Author: Edmund A. Laport

It has been known theoretically since the works of Pierce and Ballantine that, for the condition of perfectly conducting flat ground, a very short vertical radiator will produce, within about 6 percent. the same field strength as a radiator one-quarter wavelength high for the same power input. This is illustrated in Fig. 2.1. For greater heights, the field-strength gain increases very slowly to well beyond three-eighths wavelength. Only as the radiator approaches the optimum heights previously discussed does any real gain occur.

One important conclusion one draws immediately from Fig. 2.1 is that there is very little difference in the performance of a radiator in the range up to about 120 degrees from the standpoint of field strength. If we compare a 60-degree radiator with one of 120 degrees, the gain of the latter is trivial with respect to the increase in cost for a structure of twice the height. However, the bandwidth requirements of an antenna may dictate the use of higher radiators without regard to the comparative radiation efficiency.

The question naturally arises: Why not use very short radiators? Several factors make this impractical in most cases. The shorter the radiator, the lower its radiation resistance. Practical ground systems can be constructed to have very low resistance, but as radiation resistance becomes very small, the ground resistance becomes an increasingly important factor in the circuital efficiency of the antenna system. For this reason it is difficult to realize the desired over-all circuital efficiency, with the result that short antennas are usually very inefficient.

Furthermore, very short antennas have very high reactance, so that high reactances are needed for tuning.
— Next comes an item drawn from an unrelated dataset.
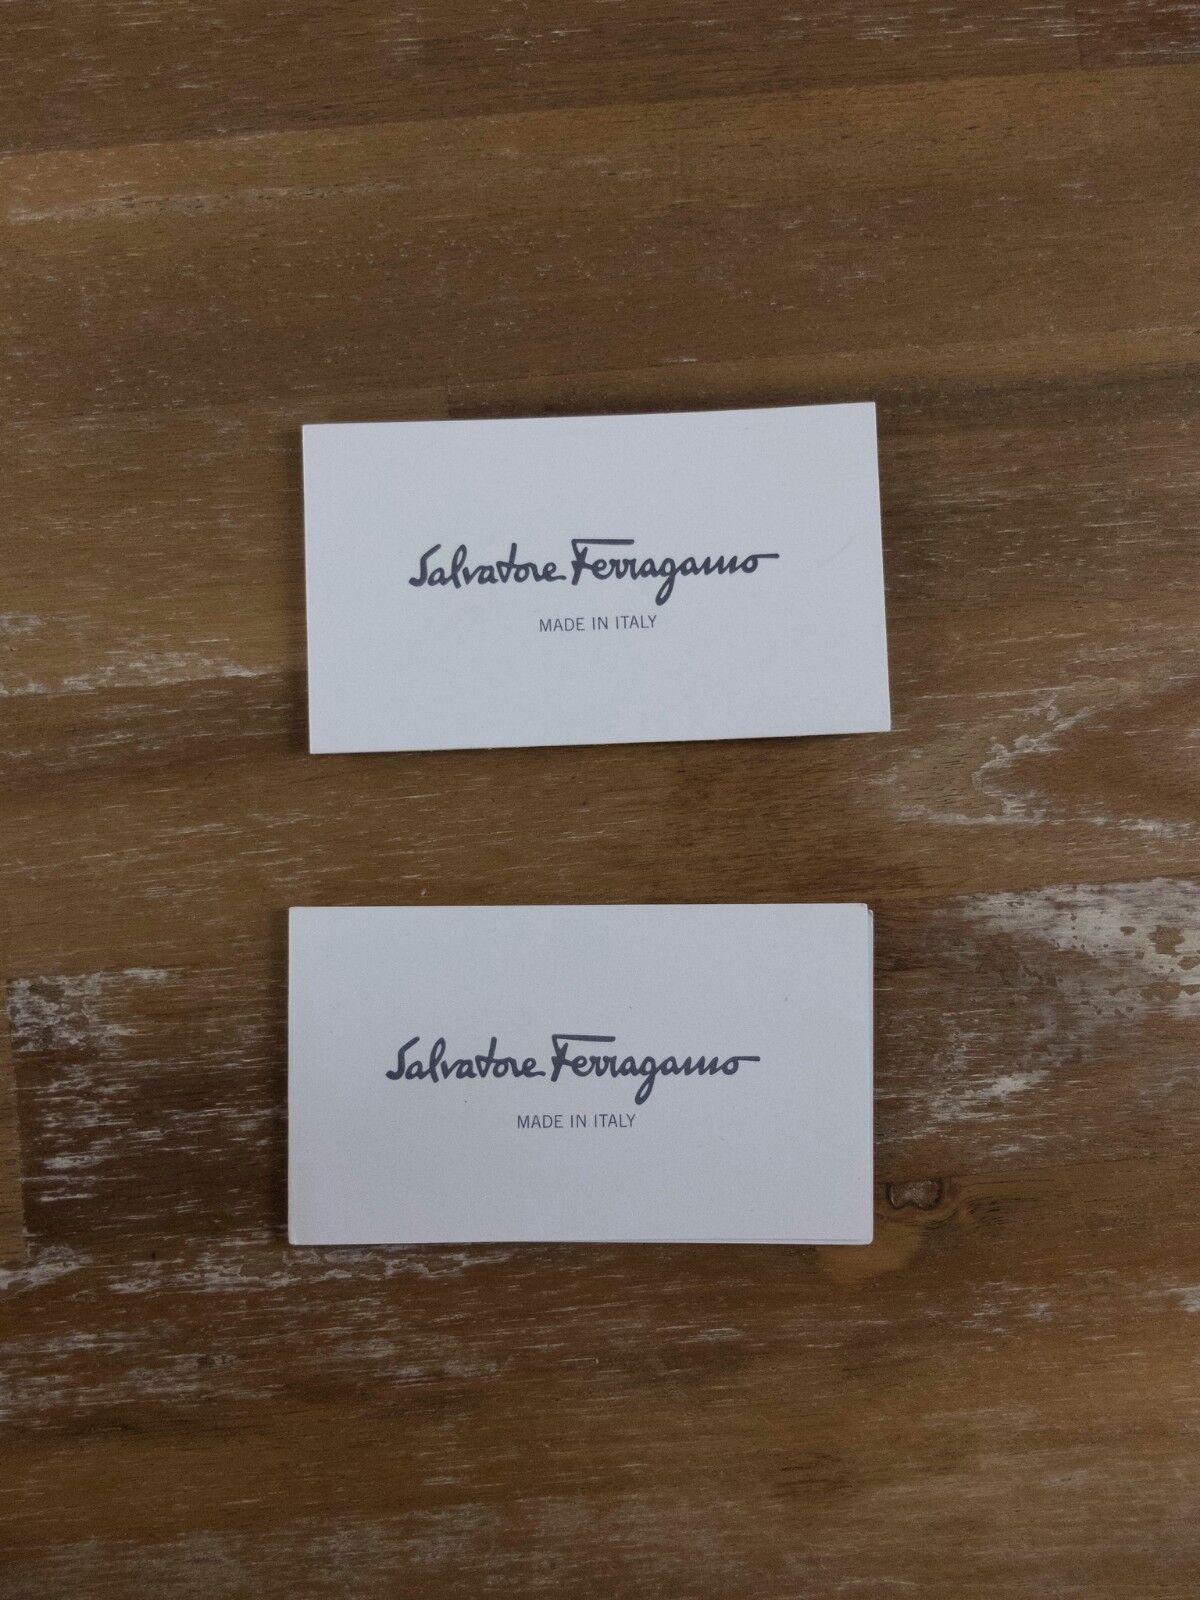 SALVATORE FERRAGAMO Madea leather platform sandals Size UK 10 US / 7.5 UK Size / 40.5 EU 3561d6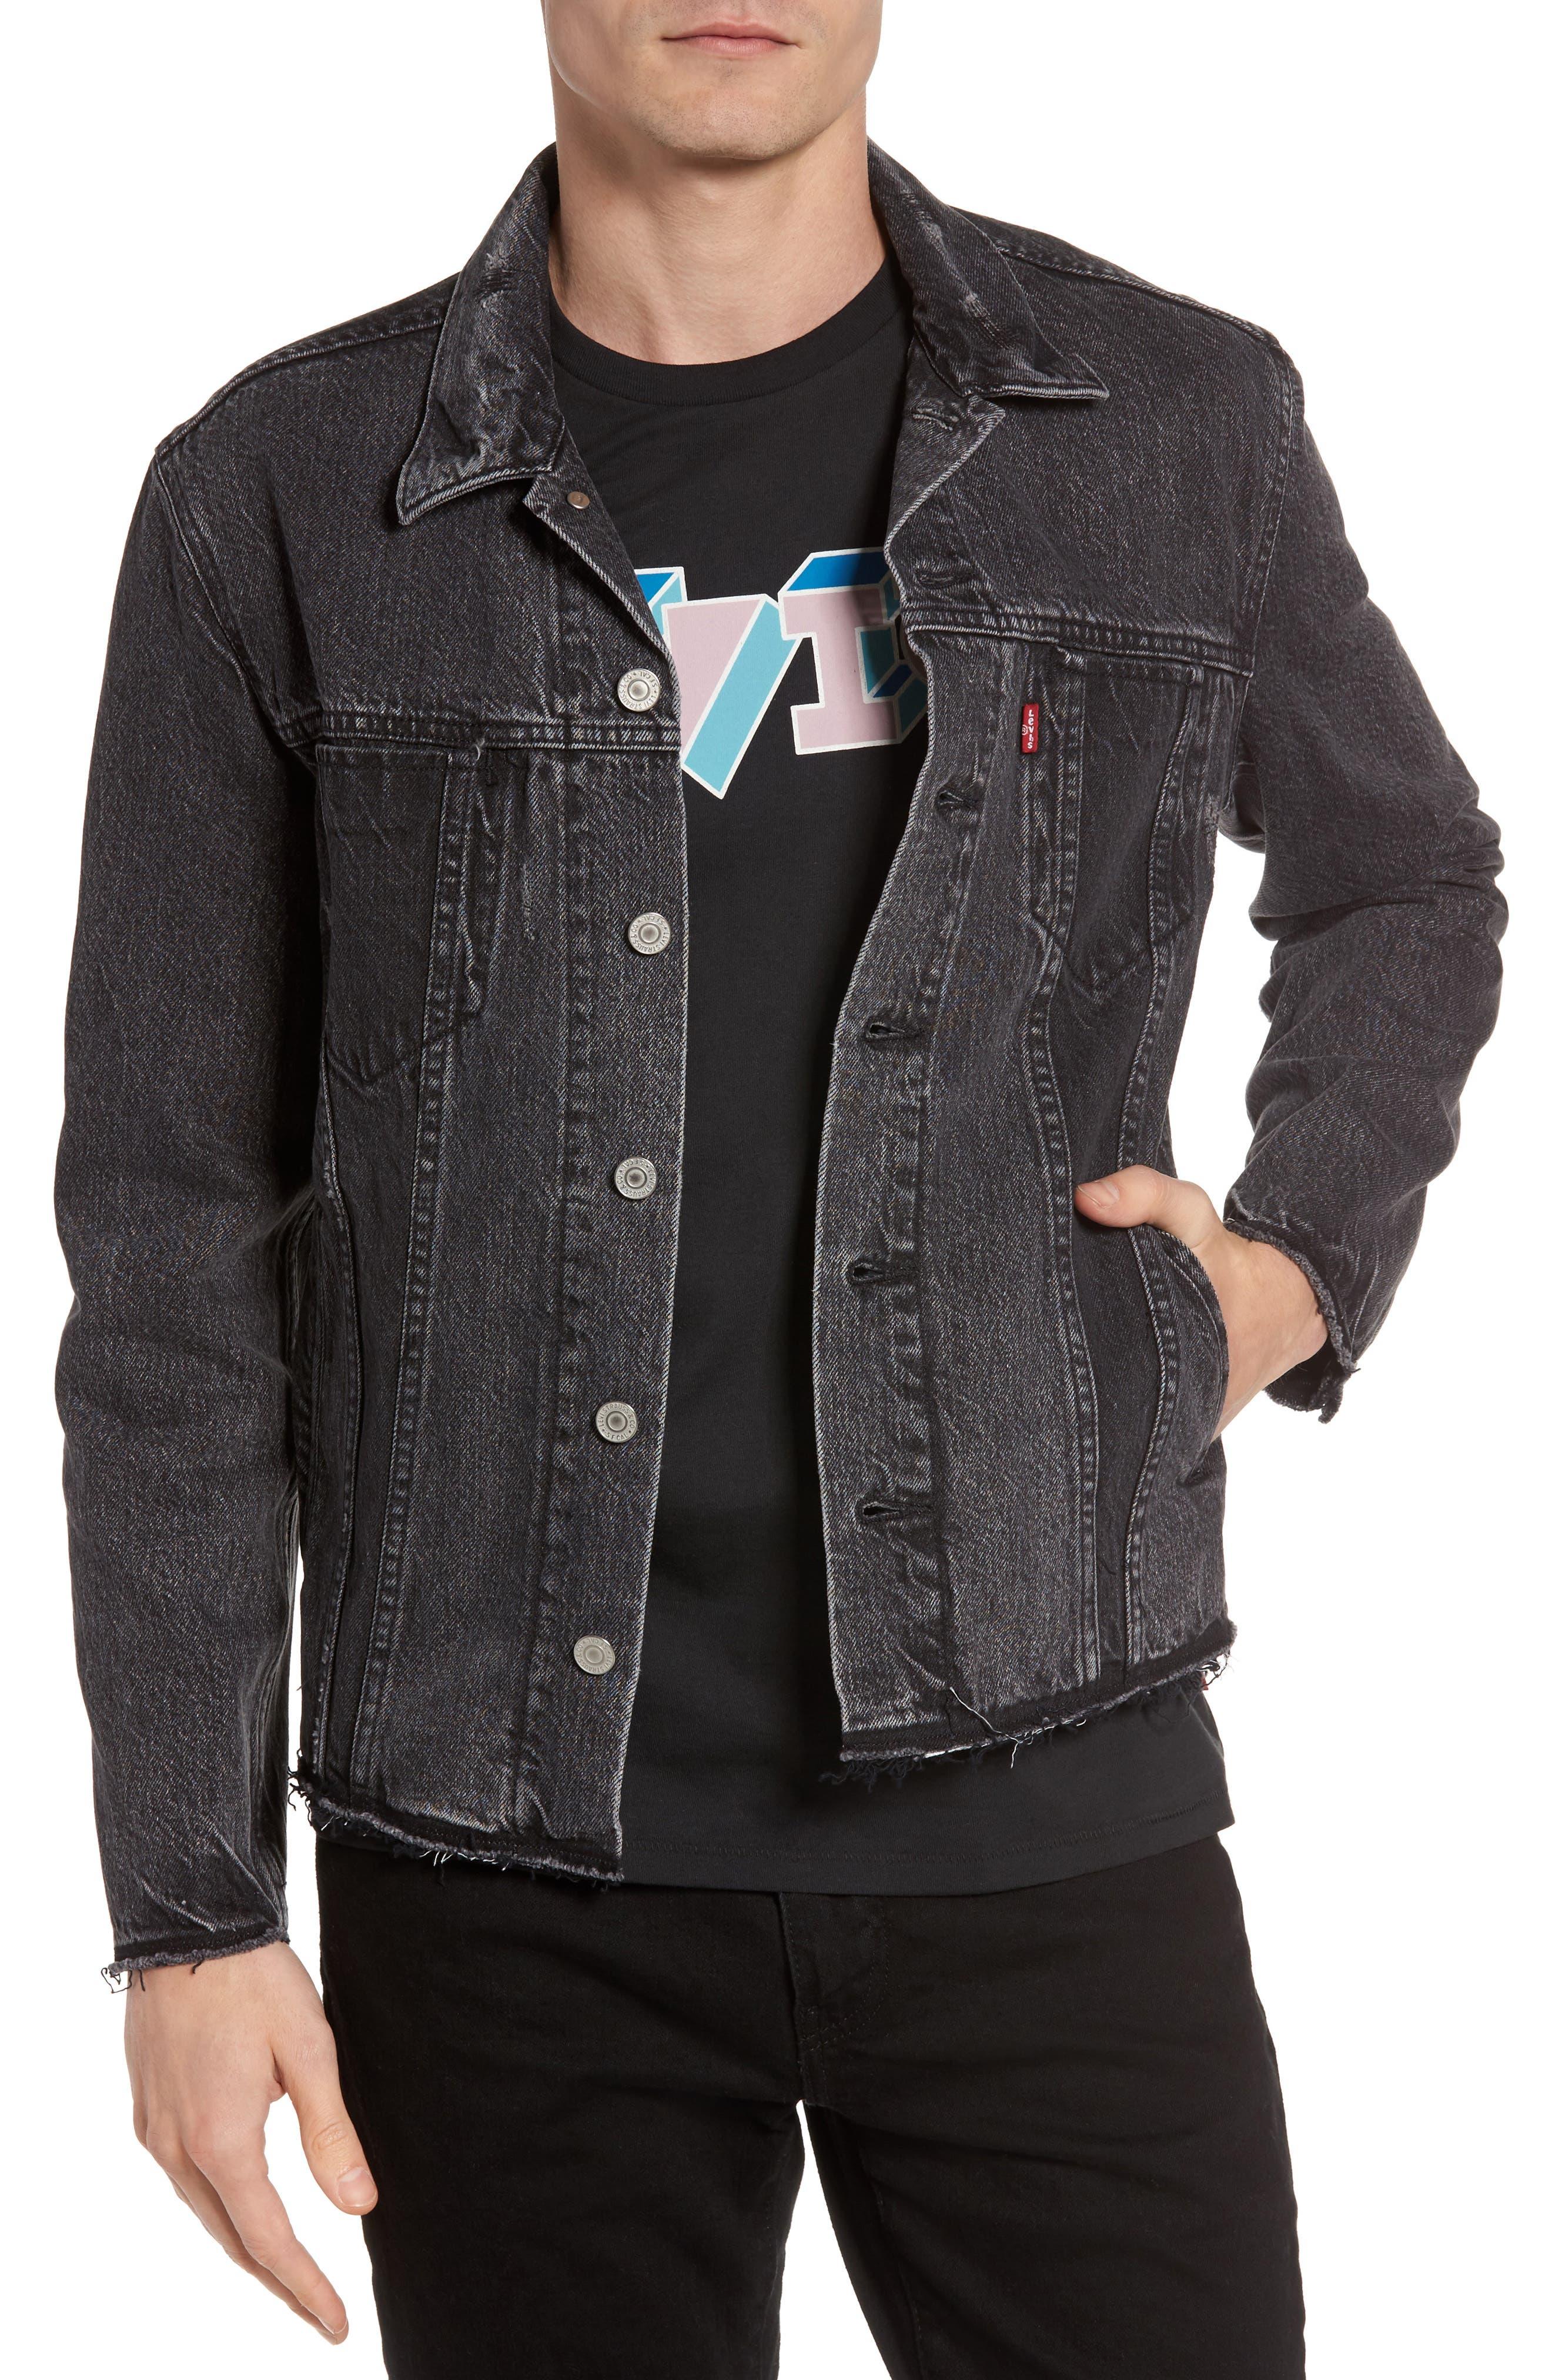 Main Image - Levi's® Altered Distressed Denim Trucker Jacket

The inductor loss therefore becomes large with electrically short radiators. The low-resistance and high-reactance systems have relatively small bandwidth, also. For these reasons a radiator for medium-frequency broadcasting is seldom made less than 60 degrees high.

Since stations of low and medium power do not usually require anti-fading antennas, it was obvious that it would be desirable to investigate synthetic perfectly conducting grounds for obtaining optimum efficiency from electrically short radiators. Experimental research and theoretical studies of earth currents near radiators of various heights yielded a simple and practical ground system that fully satisfied the requirements. This work6 established immediately a uniform ground-system design for broadcast stations in the medium frequencies. A system of 120 radial wires, spaced 3 degrees and having a length of about one-half wavelength, approaches the condition of a perfectly conducting ground within about 2 percent for radiator heights of 45 degrees or more. Ground rods at radial ends and various other departures from simple straight buried wires are of negligible benefit in such a system at the medium frequencies.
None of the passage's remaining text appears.